Divergent paths lead to European cross country finals
By GREGORY BROOME | STARS AND STRIPES Published: October 17, 2018
At its simplest, a successful cross country running season involves putting one foot in front of the other. But it also requires a degree of balance.
DODEA-Europe teams have reached that point in the fall where balance truly comes into play. This Saturday holds the last meets of the regular season; a week later, the organization’s top runners will compete for the European championship. Success at that latter meet is the ultimate goal; the race before it can present as many problems as opportunities.
“I think I can speak for all coaches in that we want runners well-rested going into the championship,” Stuttgart head coach Philip Bailey said. “But we want the muscles firing properly for peak performance.”
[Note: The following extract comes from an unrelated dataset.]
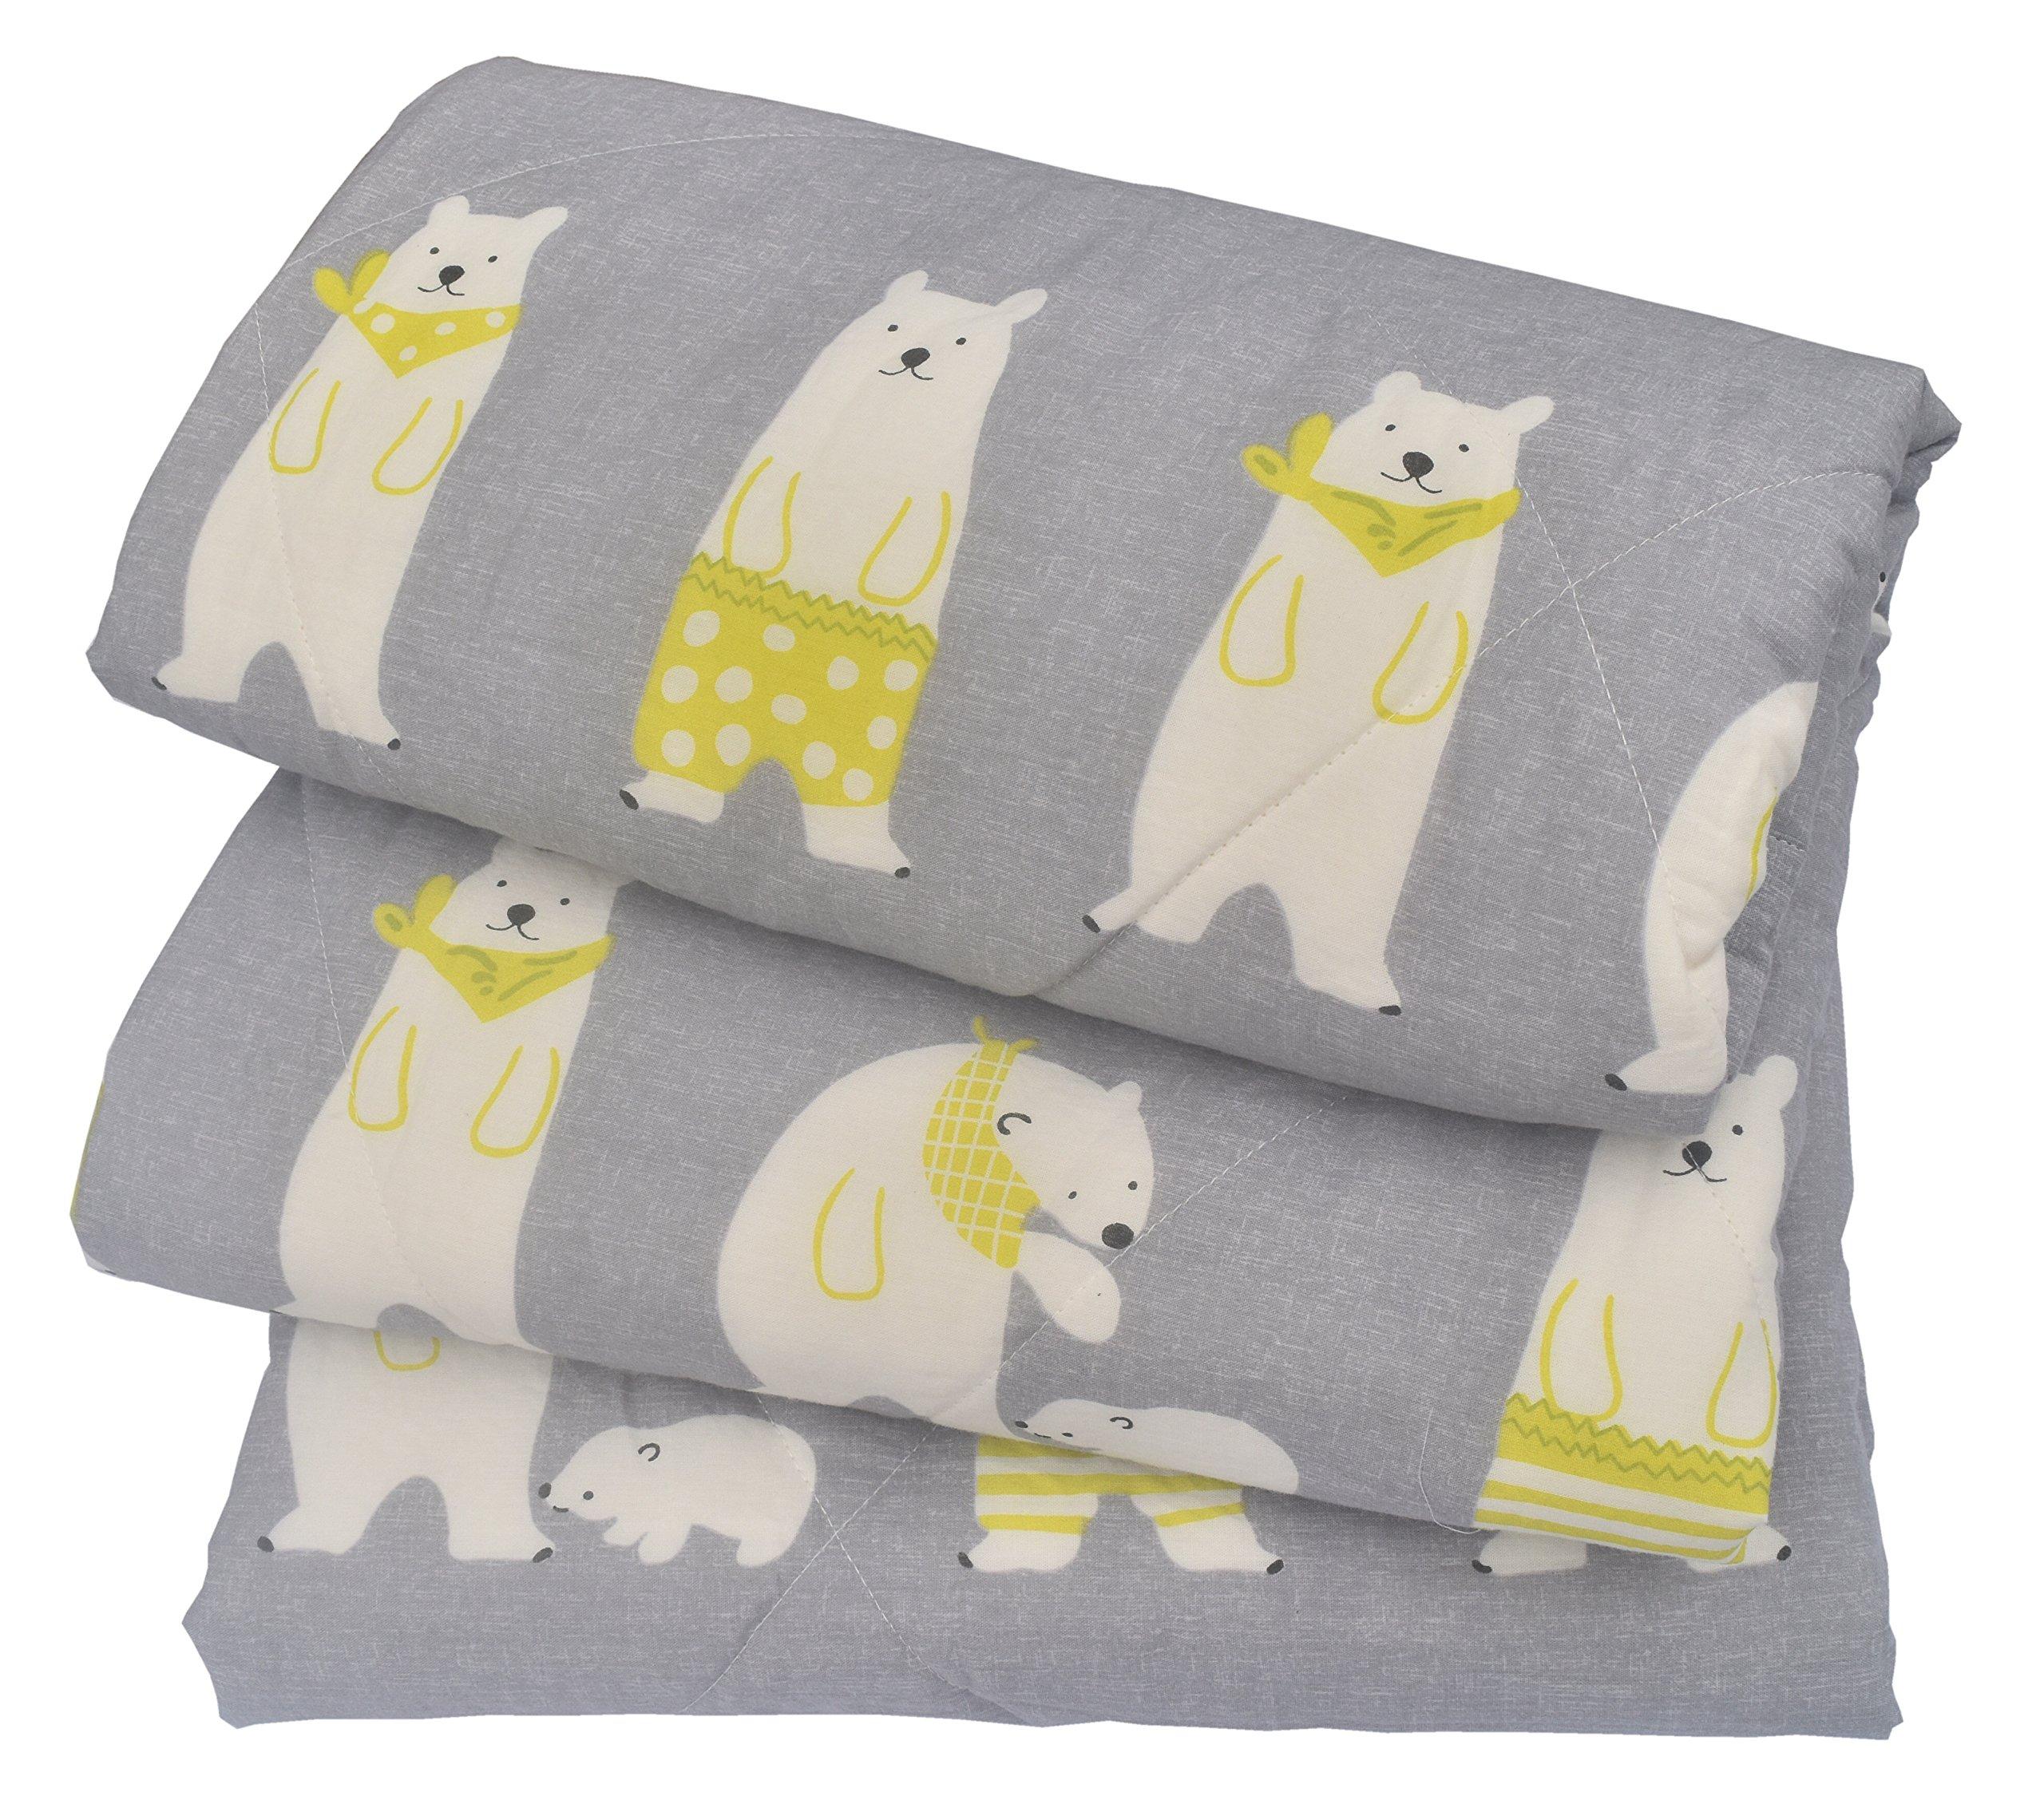 J-pinno Boys & Girls Cute Bear Cotton Muslin Quilt Comforter Bedding Coverlet Full, 100% Long Staple Cotton Filling, Lightweight Throw Blanket Kid's Bedroom (Full 78'' X 90'', beargray)

That gets to the paradoxical heart of the season’s penultimate meet. A runner pushing hard this weekend for a new personal record might fall victim to overexertion, exhaustion or injury, or perhaps simply fall short and suffer an ill-timed confidence dip. A runner who eases up this weekend might lose access to the competitive edge they’ll need just seven days later.
“The athletes’ bodies should be at about their breaking point for the championship if we train properly,” Bailey said.
Identifying that point is, so to speak, the point, and there can be as many different personal thresholds as runners on the roster.
“The difficulty as a coach is taking into consideration the ages and abilities of our runners,” Bailey said.
Brussels coach Dirk Vander Hulst said that a subdued approach leading up to the championship race doesn’t necessarily mean increased endurance or performance at the main event.
“Resting athletes for the sake of resting can be tricky,” Vander Hulst said.
That’s the balancing act facing DODEA-Europe cross country teams this weekend.
Vander Hulst said there are “usually two different groups of runners at the end of the season.” The first includes the more accomplished athletes with a greater feel for their own potential and limits. Those athletes are “trying to peak at the right time;” namely, a week later at the European finals
“For them it’s more of a concern because most of the work is done and we are just trying to fix little stuff and have good workouts that are fast and productive,” Vander Hulst said.
The second group, Vander Hulst said, includes less seasoned runners still finding their way in the sport. For them, especially on a smaller team like Brussels, the end of the season offers the chance to improve one’s standing on the squad and enter the offseason on an upward trend.
“I find it to be a very motivating time during the season,” Vander Hulst said.
Ramstein volunteer coach Mick Thomsen said the Royals ask their runners to “learn about how they feel and act when at their limits and to push harder to improve.” In the process, he wants all of his runners finishing as strong as those limits will allow.
“Winning becomes a habit, so we will always push and challenge to be first,” Thomsen said. “I want them all to perform how they would at every race. Give it their all and race hard.”
Ultimately, the final Saturday race of the regular season is a fleeting moment quickly overwritten by the final week of practice and the season-defining European championship, set for Oct. 27 at Baumholder, Germany. But if it’s handled correctly, this week can lead to lasting glory.
“A great race the weekend before can be the trigger that motivates the athletes to run their best ever at the championships,” Bailey said.